After a leading eurocrat admitted that the EU had “learned the hard way” from the Afghanistan crisis, the group is working on plans to strengthen its collective military capabilities.

Thierry Breton, the EU’s single market commissioner in charge of defence sector matters, stated that a common defense is “no longer optional” and that Brussels must be able to launch military missions with “complete autonomy.” The US-led withdrawal from Afghanistan has reignited concerns in Europe about how reliant the bloc is on Washington to maintain member nations’ domestic and international security. After the United States withdrew its soldiers from Kabul’s international airport, EU states were helpless to continue their evacuation attempts.

This has generated discussions inside EU institutions about what the organization might do to ensure that its 27 countries can operate as a military power on their own.

Josep Borrell, the EU’s foreign policy leader, has even proposed the development of an EU rapid response force as a first step toward the creation of a true Brussels-led army.

This week, EU defense ministers will meet in Slovenia to debate the so-called “strategic compass” document, which will lay out the bloc’s military challenges and goals for the future years.

The goal is to complete a draft dossier by November and release the final version at the start of next year.

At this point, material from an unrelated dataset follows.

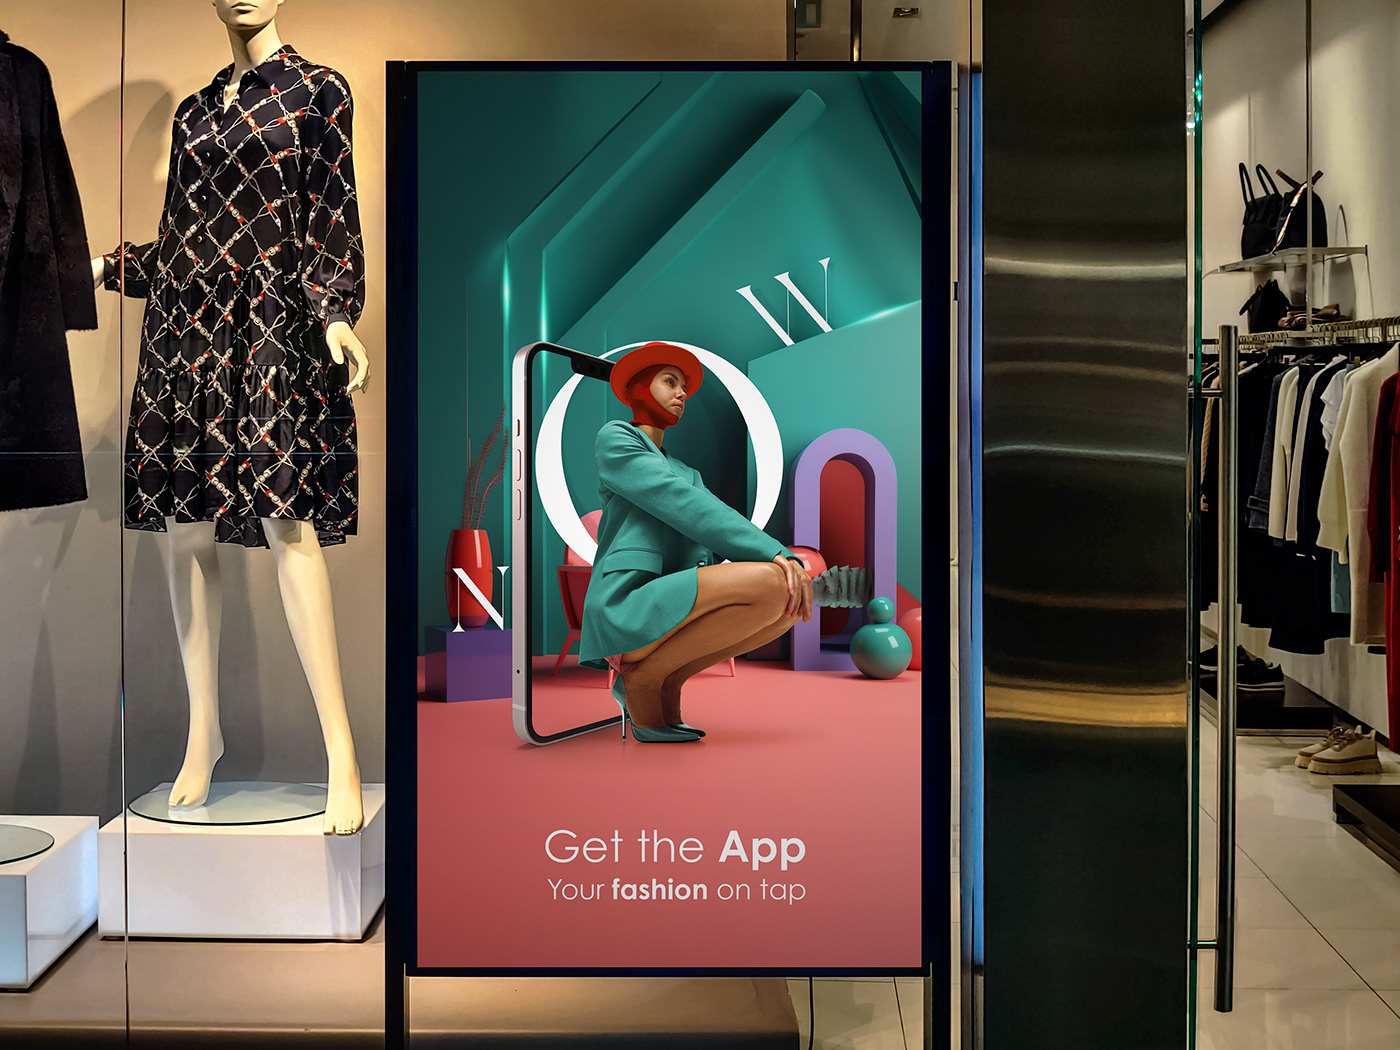 Fashion  Mobile app clothes campaign Memphis colorful Advertising  Social media post Socialmedia

14 EU countries, including Germany and France, reintroduced the concept of 5,000-person brigades earlier this year.

“The EU must be able to act to preserve our interests when the Americans refuse to participate,” Mr Borrell told an Italian daily.

“If there is no unanimity, a group of countries will decide to push ahead on their own sooner or later because they will not accept being stopped.”

Actual changes to EU foreign policy require the assent of all 27 member states, making the formation of a genuine military unfeasible.

Some eastern countries feel the union will be unable to form a defense coalition that will not jeopardize the Nato alliance led by the United States.

President of the European Council, Charles Michel, stated last week that expanding the EU’s military capabilities is “of the utmost importance for Europe’s future.”

In addition, the EU’s top official stated Wednesday that EU states must take steps to be better prepared for military evacuations if events similar to Afghanistan arise in the future.

“We don’t need another, in my opinion.”Brinkwire Summary News”.